ROCD or shallow

D

David_Joe

New member
Joined
Aug 14, 2019
Messages
1
Location
Maine
Hi,

I recently married my wife a few months back. throughout our 5 year relationship i would always feel guilty about finding other girls attractive. Although I never wished to nor acted on these urges my guilt would be strong - especially in places like our honeymoon etc. In addition i have always had issue with her physical attraction. At first her teeth were croooked and i obsessed over them - now i find them cute after months of obsessing. Then after we got engaged i saw a picture and realized she had chubby cheeks - i panicked. do i suddenly find my future wife unattractive - but he that went way after a few weeks. Finally this may once again i noticed the cheeks thing again. It has consumed me for the past 3 months to the point where i only find skinny faced girls attractive. Clearly in the 4/5 years we were together i never made this a priority. yes i have noticed this from time to time and have found it unattractive - but now i just cant move past it. my brain is telling me that i cant be with someone who i find unattractive sometimes. Ive compared her to countless girls - ive analyzed her to no end - all these diff angles - just trying to beat it but now i just made it worse and shes more unattractive than ever - i keep thinking that i if i paid attention back then i would have realized it and i just must have missed it or i skipped the signs (when i panicked around our engagement).
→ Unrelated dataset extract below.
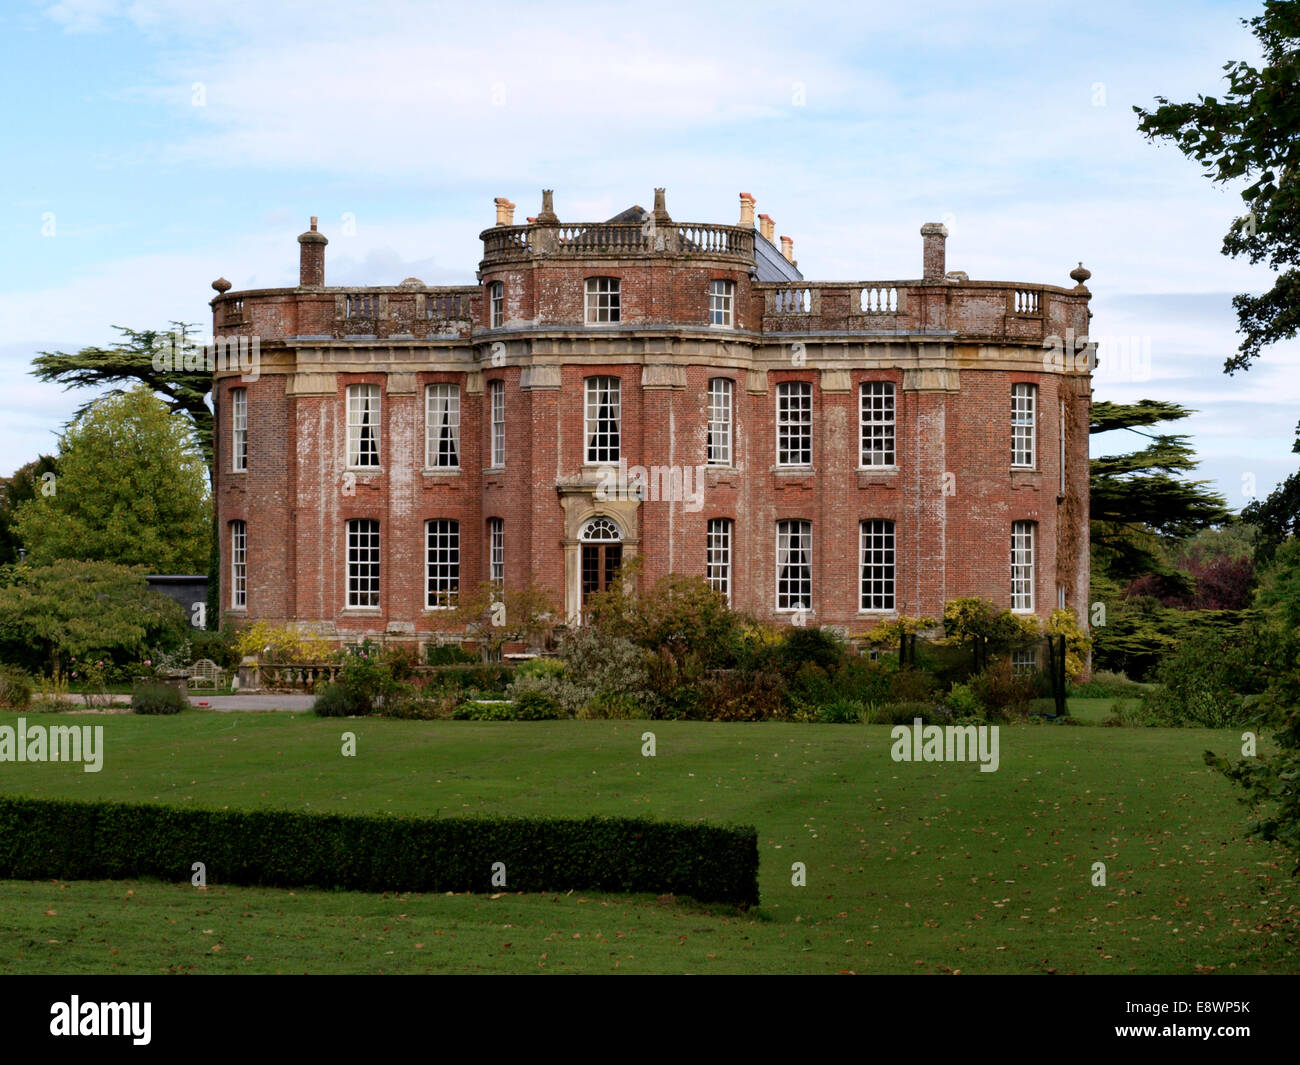 Chettle House, Queen Anne house was commissioned by the Chafin family and designed by Thomas Archer in 1710, Dorset, UK 2013 Stock Photo

The catch is i am head over heels obsessed with my wife. i love her more than anything in the entire world. i sit in fear of looking at her and thinking negatively. everytime i say who cares my brain just says maybe she just isnt ur type. i cant win. i cant beat it. the only time i am happy is when im laying in her arms. 4 months ago we were soulmates destined for amazing things. today i am a zombie - going through the motions - i recently started medication and have an appt with an ocd doctor tomorrow. but this is how afraid i am. i am petrified he is going to tell me u find ur wife ugly u need a divorce. all i want is to spend my life with her. i just want to stop caring about face shape, chubby cheeks about all this stupid stuff - my wife makes me so happy but these thoughts are all consuming and telling me this cant work - i want to stop analyzing i want to just be with the sweetest girl in the world. has anyone else experienced this to the point where they cant even look at their wife? I'd appreciate any advice. Thank you
 
H

Helena1

Well-known member
Staff Member on Leave
Joined
Oct 11, 2014
Messages
9,947
Location
UK
I don't know much about ROCD but it doesn't would like you just don't find your wife unattractive in the normal sense. Hopefully the doctor can help you, I think they will be able to. Good luck.
 
A

Ashwin

Member
Joined
Aug 9, 2019
Messages
7
Location
Ireland
Hi, you are suffering from ROCD. Please check with the doctor. If you any any help, please let me know. I'm suffering from ROCD.